ステップの無敵時間にはクールタイムがあることが三回目のラビラッツとの戦闘で理解した。
それと、連続して使える回数。
概ね、三回。
これは見えないけど、俺のMPの最大量に依存するものだとわかった。
「グレ鹿くらいの耐久力があれば、確証得られるまで検証できる」
俺は新しいゲームをはじめたときの、あの喜々とした感覚を覚えながら笑っていた。
グレイバンビスの攻撃を避けながら全裸の男が華麗に舞い踊る。
「初期エリアの強モブくらい、軽くひねってやんよー」
俺の拳が、蹴りが、グレイバンビスを削る。
額が赤く光り、再度、突進のモーションに入る。
――幾度でも避ける。
途中、何度か俺も息切れするが俺はそこでもう一つの仕様を覚える。
だが、それはグレイバンビスを叩く上ではなんら障害にはならない。
華麗に舞う原始人にグレイバンビスはやがてグレイバンビスが甲高い嘶きをあげて重々しく地面に倒れ伏した。

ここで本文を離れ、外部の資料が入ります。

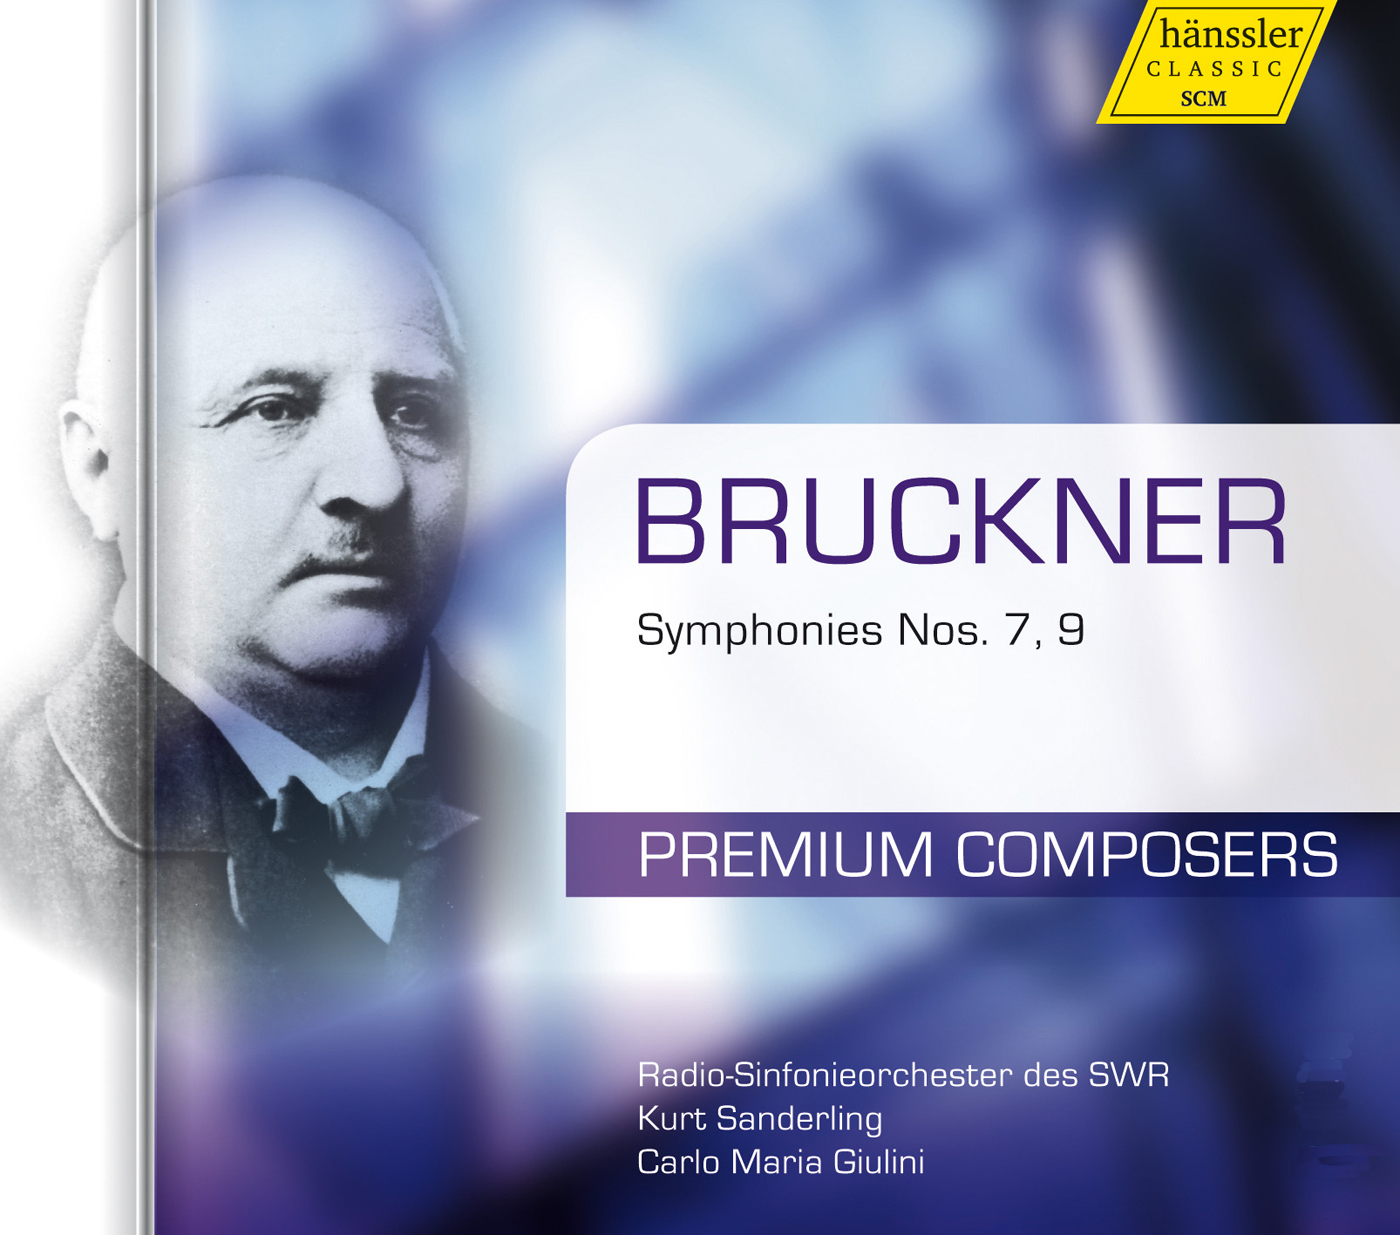 Bruckner Symphony no. 9.
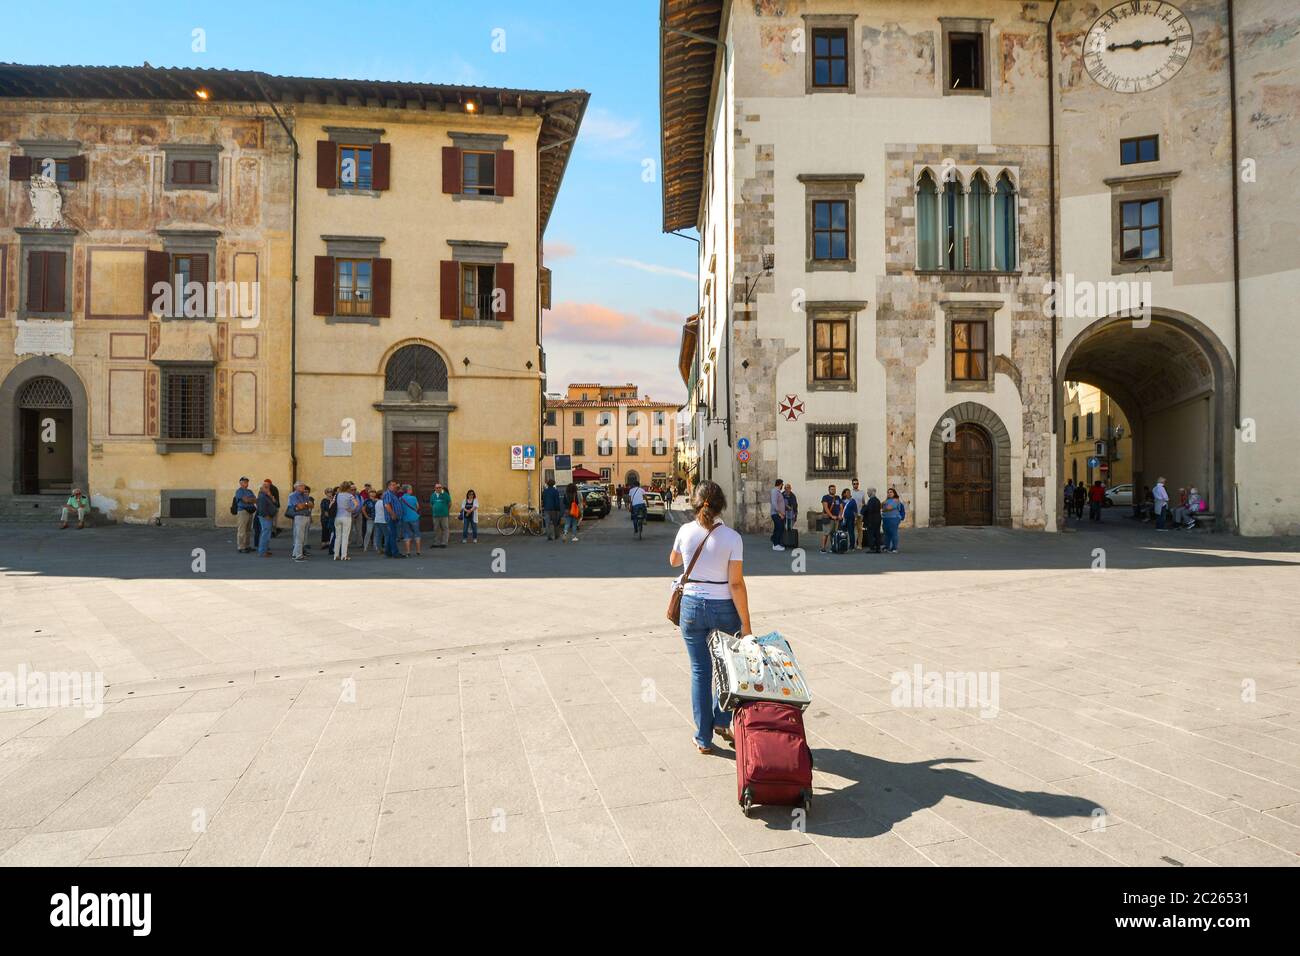 Eine weibliche Touristen, die alleine unterwegs ist und einen Gepäckkoffer auf Rädern im historischen Zentrum von Pisa, Italien, zieht. Stockfoto

グレイバンビスが光の中に消え、そこに黄金色に輝くドロップアイテムが現れる。
毛皮と装備品だ。
それと同時に、俺の周囲に光がわき上がり白い風が吹き上がる。
ちんちんがふわっとして軽い落下感を覚えるが、身体に力が入ってくる感覚を覚えた。
俺は腕を上げて世紀末覇王弟のポーズで面倒くさそうに呟く。